1.1. Field-Programmable Gate Array

The implementation of intelligent systems such as automatic emotion recognition technology in embedded systems faces many challenges, e.g., real-time requirements, resource constraints, and low power consumption requirements. Therefore, when implementing facial emotion recognition technology, the choice of hardware platform is crucial to the system’s efficiency and performance. Consequently, the FPGA (Field-Programmable Gate Arrays) have become one of the ideal platforms for implementing emotion recognition due to their highly customizable features, parallel processing capabilities, and low power consumption.
The FPGA is a reconfigurable embedded device commonly used in digital logic and digital signal processing applications. FPGA’s high flexibility and programmability enable their wide application in various fields, including IC testing [9], embedded systems [10,11,12], and the IoT (Internet of Things) [13].
The features of FPGA include:
  • Reconfigurability: FPGAs are reconfigurable [14] and can define their digital logic circuits through programming, allowing developers to redesign the FPGA’s functions according to application requirements repeatedly.
  • High parallel processing capability: FPGAs have multiple independent logic circuits and data paths that can run in parallel, enabling them to efficiently perform parallel processing for multiple tasks and hence provide high-performance computing power.
  • Low latency and high-frequency operation: Due to the fact that FPGA’s logic circuits composed of gate arrays and have high optimization capabilities, it can achieve low latency and high-frequency operation. This makes it ideal for applications requiring high-speed processing.
  • Customizability: FPGAs are highly flexible in customization and can be designed and optimized according to application requirements. This includes design of logic circuits, data paths, memory, and interfaces.
  • Software and hardware co-design: FPGAs provide the ability to co-design software and hardware on a single chip [15]. This provides higher system integration and performance.
  • Suitable for rapid development and testing: FPGAs have a rapid development cycle. Developers can quickly develop and test them within a shorter period [16].
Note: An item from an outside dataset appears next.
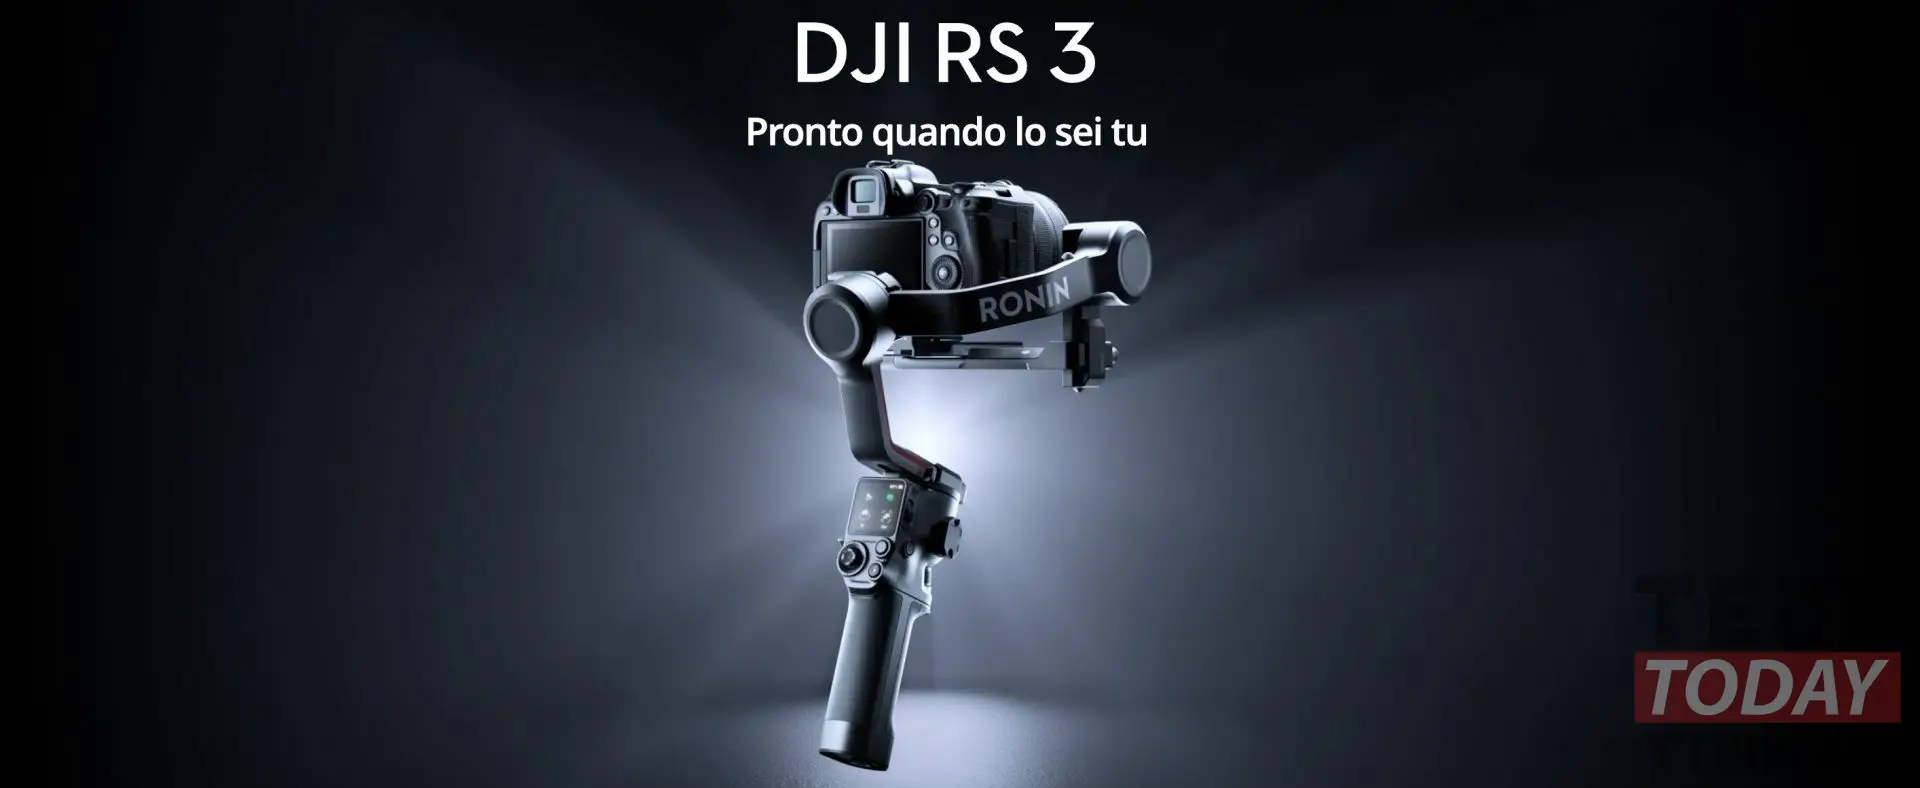 DJI RS 3 Pro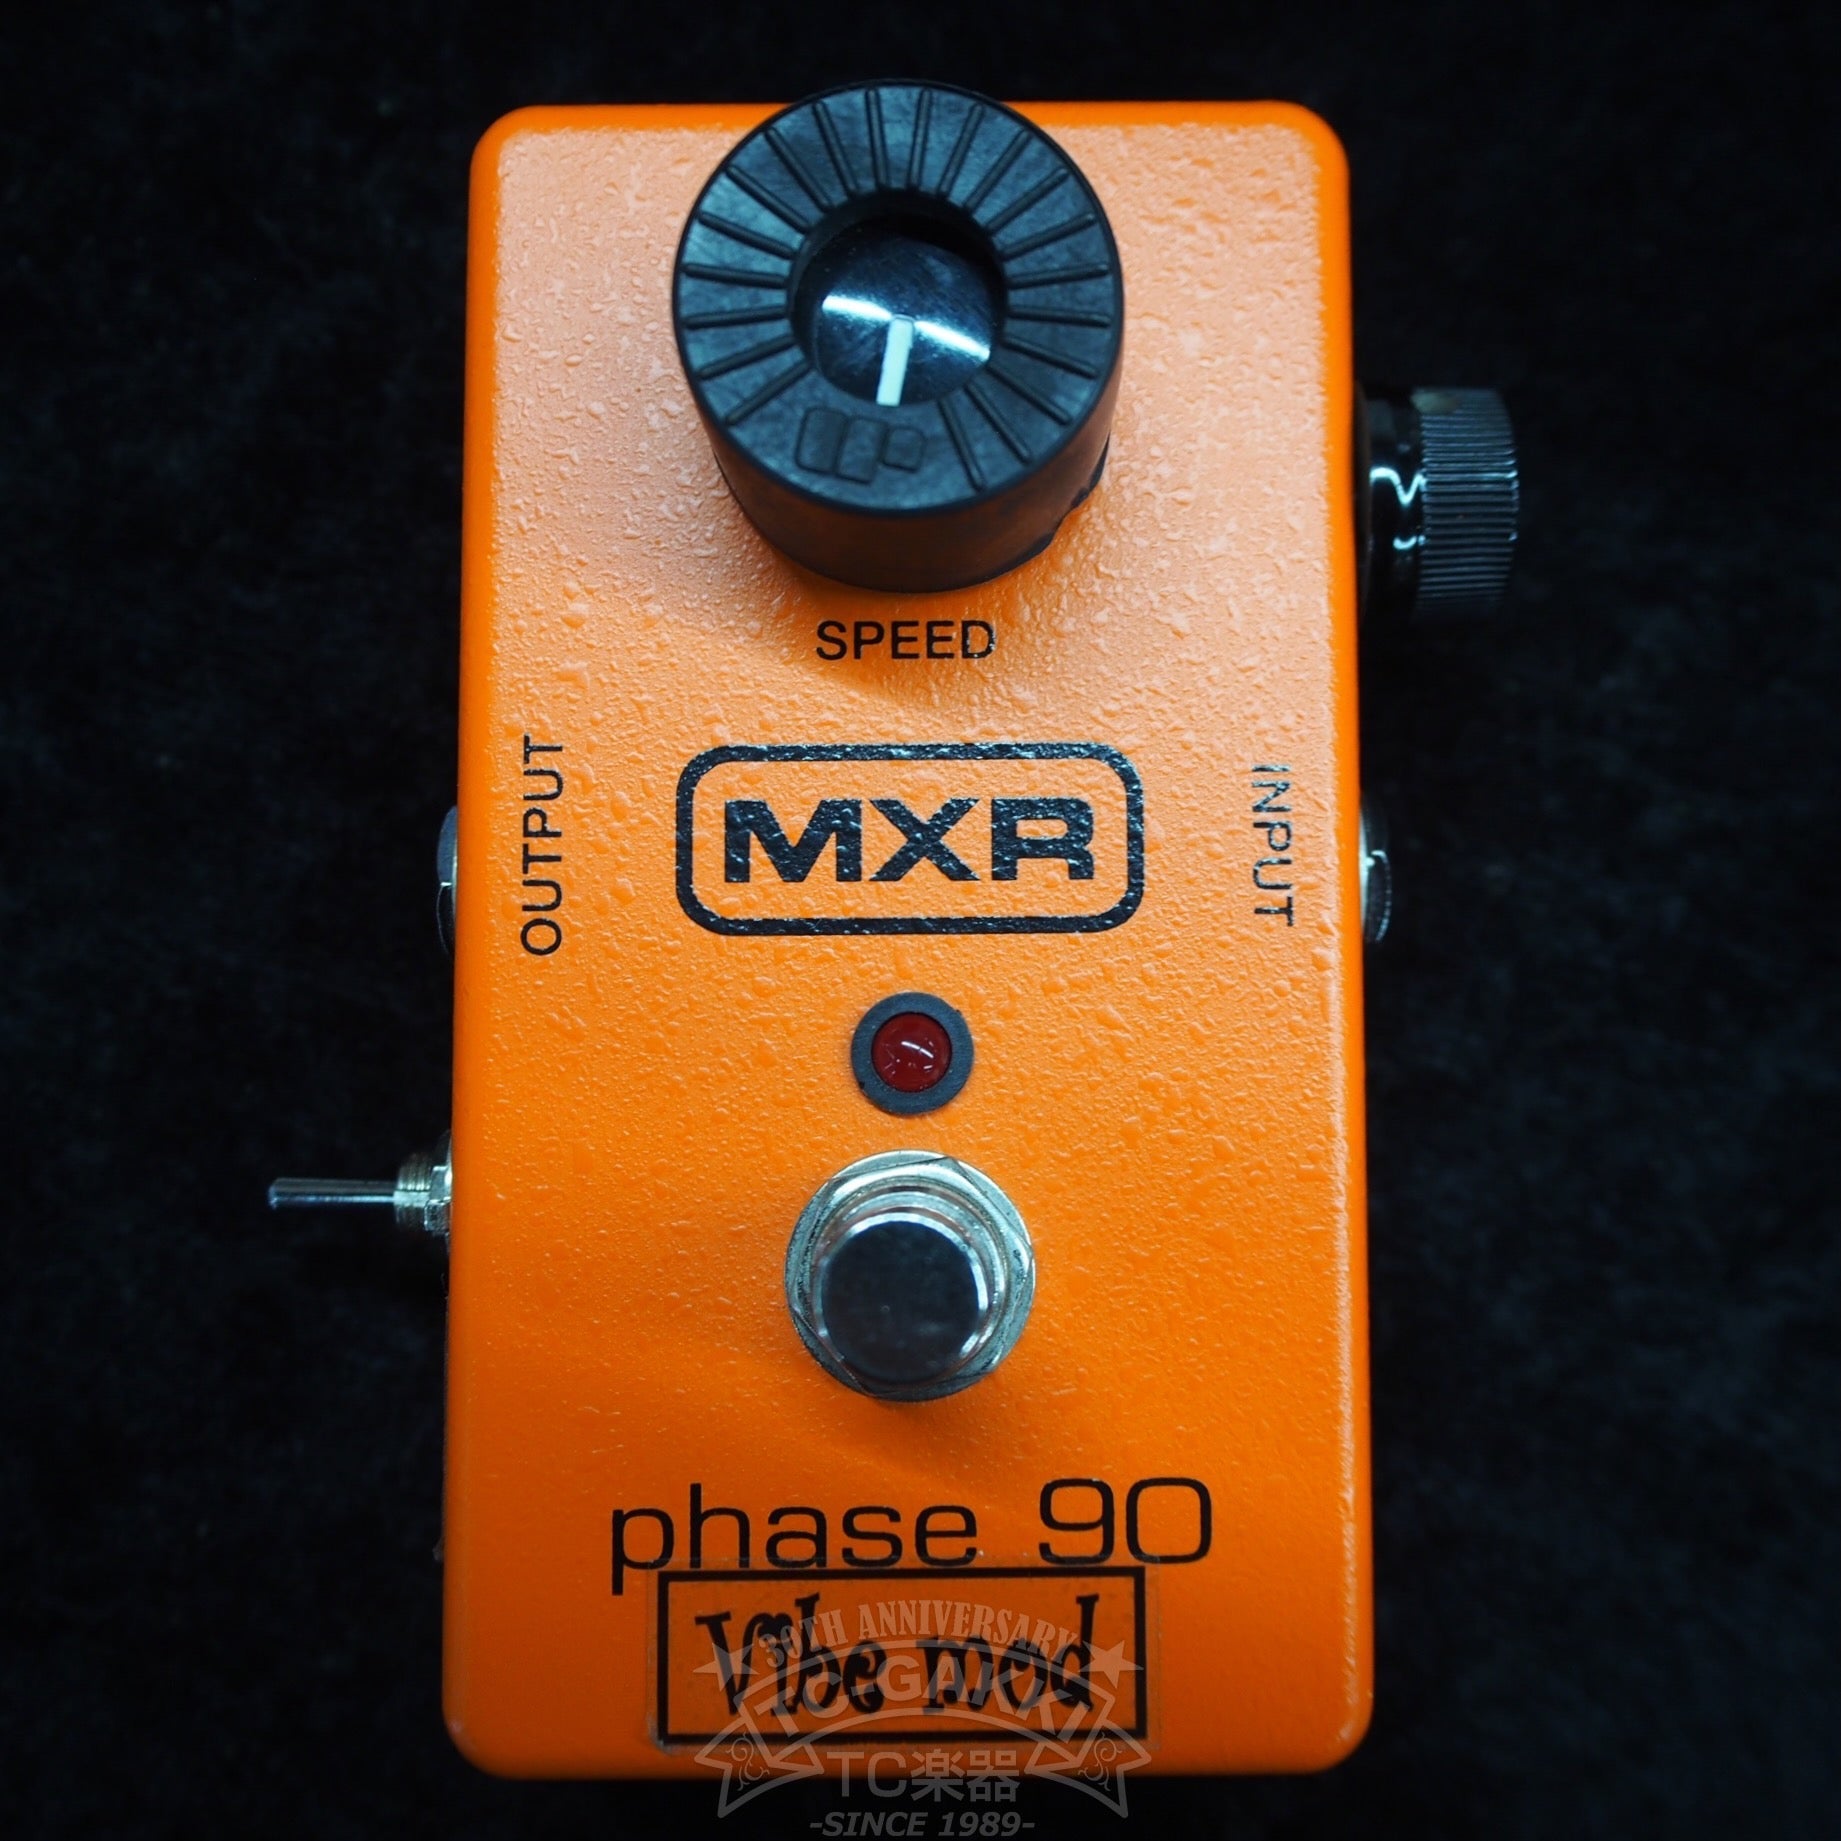 MXR M-101 phase 90 Vibe mod

1.2. Experimental Protocol

This paper utilizes two deep learning frameworks, TensorFlow and Keras, to train emotion recognition models for consecutive facial images signals on a PC. The parameters of the models are transferred to an FPGA chip. The neural network model inference algorithms are used to simulate computation of model inference in the deep learning frameworks and then obtain the final classification results. For consecutive facial emotion recognition, this paper dynamically captures 30 frames of images from a video as the consecutive image data. The facial images are extracted by using the open-source face detection model from OpenCV. The CLDNN (Convolutional Long Short-Term Memory Fully Connected Deep Neural Networks) model architecture proposed in paper [17] is used to build and train the ML model. The trained model is then deployed on the FPGA chip for model inference.

2. Related Works

In this section, the CLDNN model [17] is introduced. Moreover, some related researches of consecutive facial emotion recognition, and the implementation of model inference on FPGA are also explored in this section.
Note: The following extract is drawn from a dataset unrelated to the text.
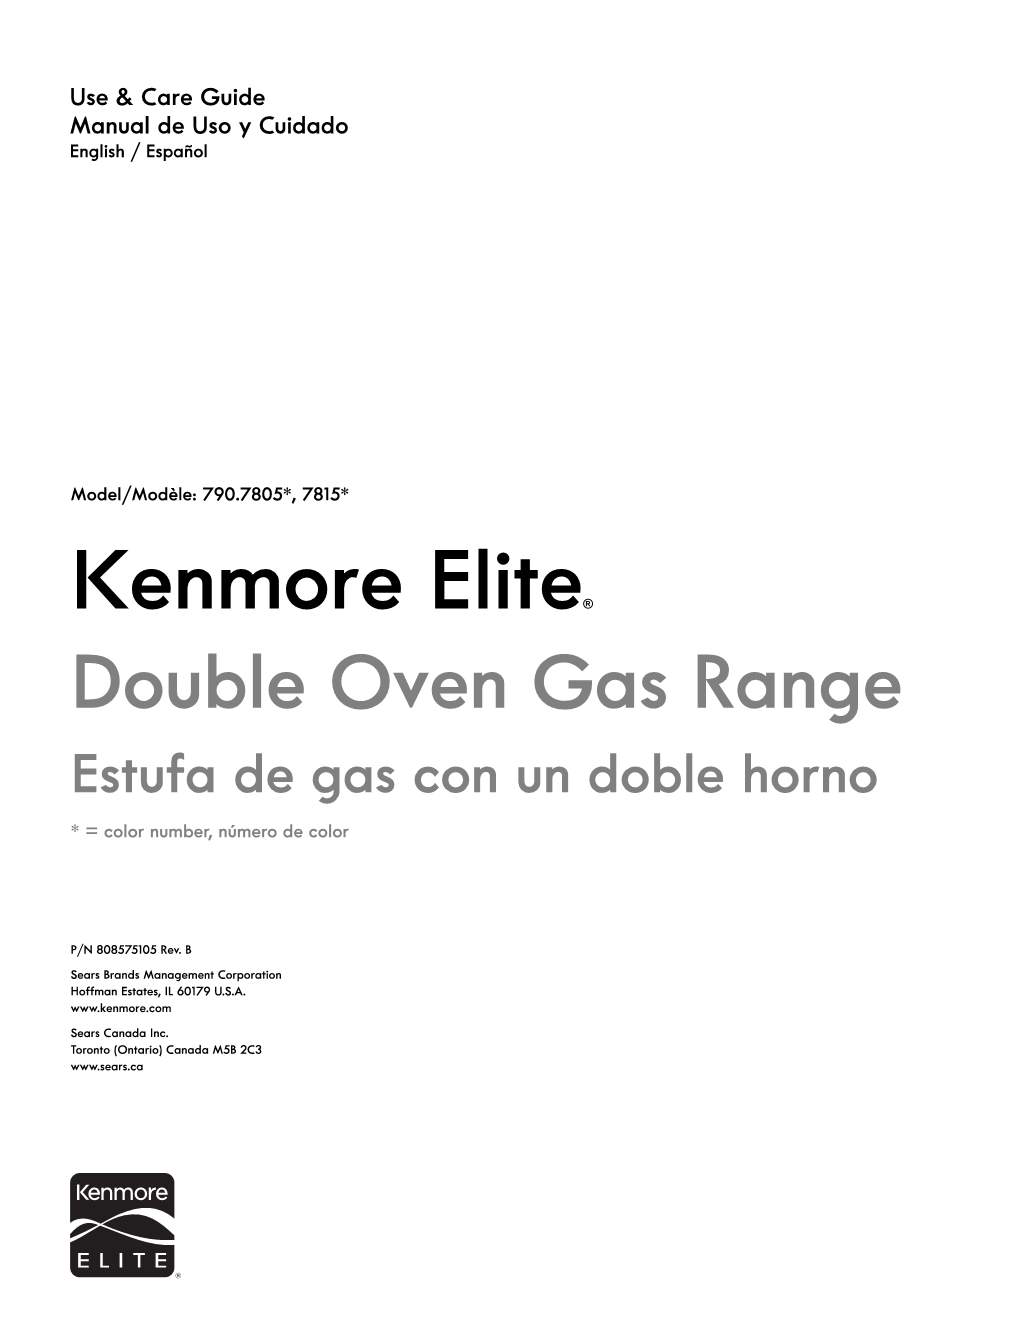 Kenmore Elite® Double Oven Gas Range Estufa De Gas Con Un Doble Horno * = Color Number, Número De Color

2.1. CLDNN Model Architecture

The paper [17] proposes a neural network model architecture called Convolutional Long Short-Term Memory Fully Connected Deep Neural Networks, referred to as CLDNN or ConvLSTM-FCN, for processing time series data such as audio signals, consecutive images, and natural languages. The CLDNN model is composed of convolutional neural networks (CNNs), LSTM neural networks, and fully connected neural networks of DNNs. The CNNs and LSTM neural networks analyze and calculate local features and sequential patterns in the data, respectively. The fully connected layers are then classifying the prediction results. Since consecutive images have time-series characteristics, they are suitable for training with recurrent neural networks (RNNs) such as LSTM. According to [17], the CLDNN model outperforms those using only CNN or LSTM models in terms of the accuracies of the models.
Therefore, this paper applies and modifies the CLDNN model architecture for emotion recognition, combining CNNs, LSTM neural networks, and DNNs to build the ML model. The Figure 1 shows the architecture of the CLDNN model.
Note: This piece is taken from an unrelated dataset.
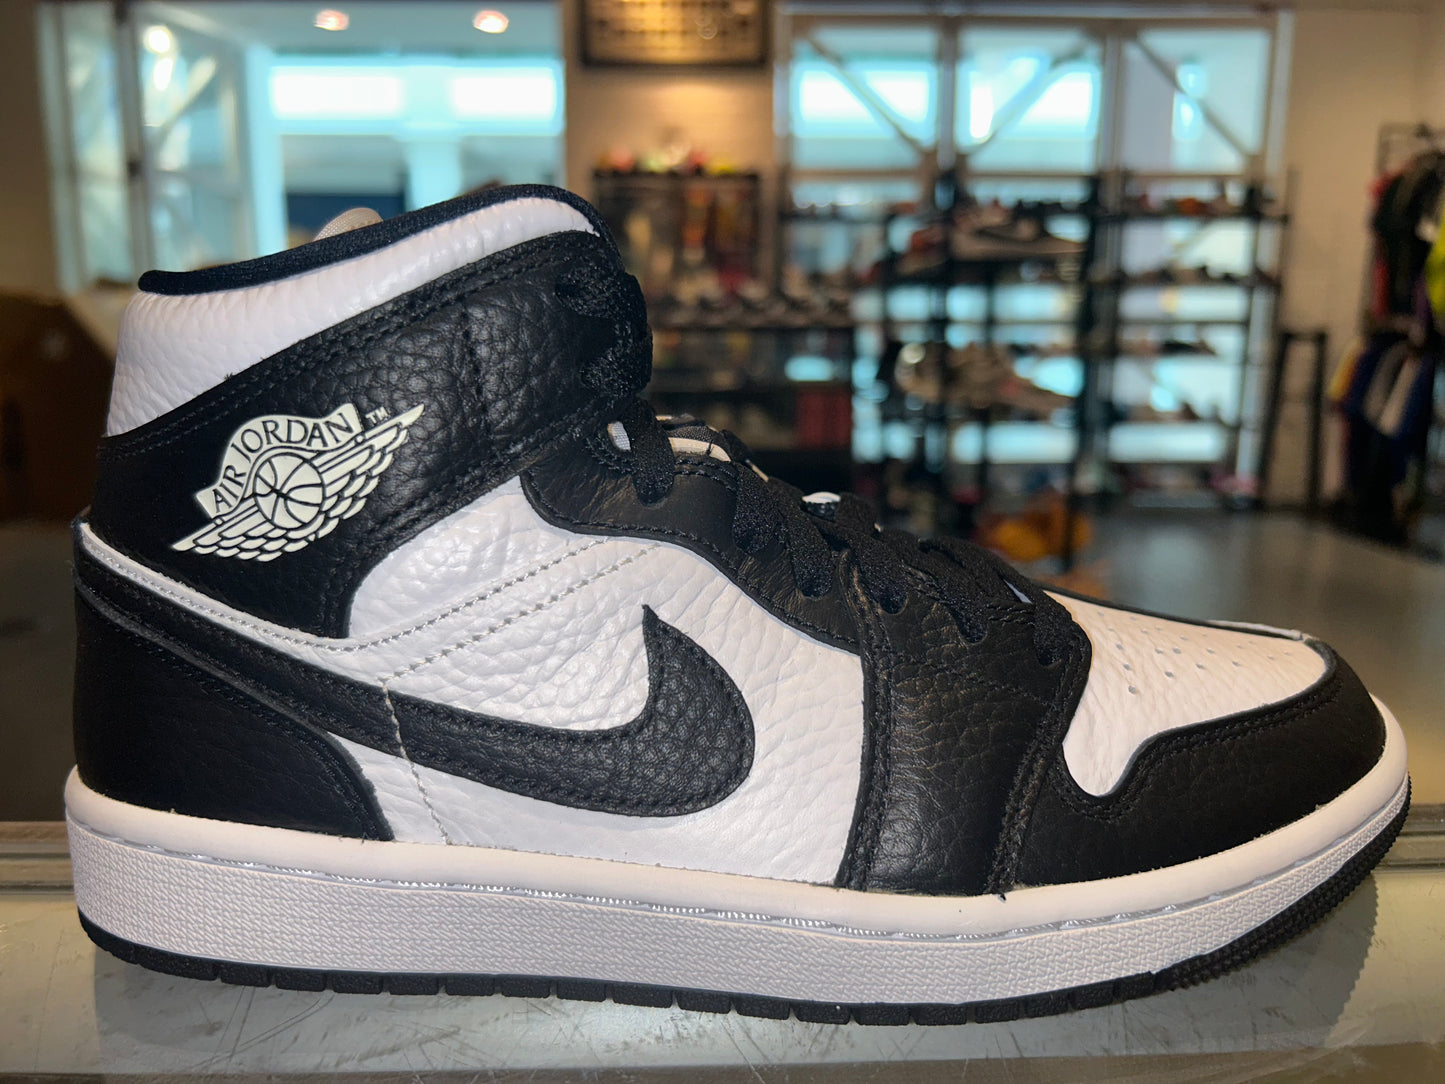 Size 6.5 (8W) Air Jordan 1 Mid “Black White” Brand New (Mall)

2.2. Consecutive Facial Emotion Recognition

Paper [18] proposes a method for consecutive facial emotion recognition. Firstly, the frame interval is calculated based on the average duration of all video files in the database. Frames are then extracted base on this interval to obtain a segment of consecutive image data. Next, facial landmark detection (68 points) [19] is used to identify the positions of the facial features in the images, and the Euclidean distances between these points are used as the feature value. The image feature values of the same image of consecutive image data are concatenated into a feature sequences. Finally, these feature sequences are used as inputs to train an LSTM model. This paper achieves an average accuracy of 98.9%.
A multimodal emotion recognition model that combines video data and audio data is proposed in [20]. For the emotion recognition of consecutive facial image, the authors randomly extract 30 images from video data. Then, using the MTCNN (multi-task cascaded convolutional network) proposed in paper [21], they extract the facial parts from all images in each image. The images are then reshaped uniformly to (160, 160) color images as data features. Hence, the input of the facial emotion recognition model is a data sequence of shape (N, 30, 160, 160, 3), where N is the number of video data. In the speech emotion recognition model, the log Mel-spectrogram is extracted from every segment of the speech signals and used as input data of ML model. In order to obtain the log Mel-spectrogram, the authors utilize 94 Mel-filter banks for each speech signal, with a 40ms Hanning window and 10ms overlapping. This result in a representation with dimensions of 94. After performing cross-validation with the ResNet-50 model, the paper find that the consecutive facial emotion recognition model achieves an accuracy of 95.49% and the speech emotion recognition model achieves an accuracy of 75.61%. The fusion model combining consecutive facial image and audio achieves an accuracy of 97.57%.
In paper [22], the authors propose a method that uses facial landmarks [19] to detect facial regions in images. The detected facial regions are then converted into grayscale images. The authors extract 32 features from the resulting images using Gabor filters. The features are then combined with the 68 positions of the facial landmarks. After processing all frames in the video, the authors obtain 2176 (32×68) features for each facial image. The proposed method in [22] achieves an accuracy of 96.53% on testing. Paper [23] proposes a multimodal emotion recognition model that combines consecutive facial image and speech. Regarding the consecutive facial emotion recognition model, the authors use the InceptionV3 model to extract feature values from single images, which are then sent to LSTM for time-series learning. This results in an accuracy of 94% on RAVDESS database. In terms of speech emotion recognition, the authors extract MFCCs from the speech as feature values and train them using the CLDNN model. The experimental results show that the speech emotion recognition model proposed in [23] achieves an accuracy of 82%. The fusion model combining consecutive facial image and audio achieves an accuracy of 96%.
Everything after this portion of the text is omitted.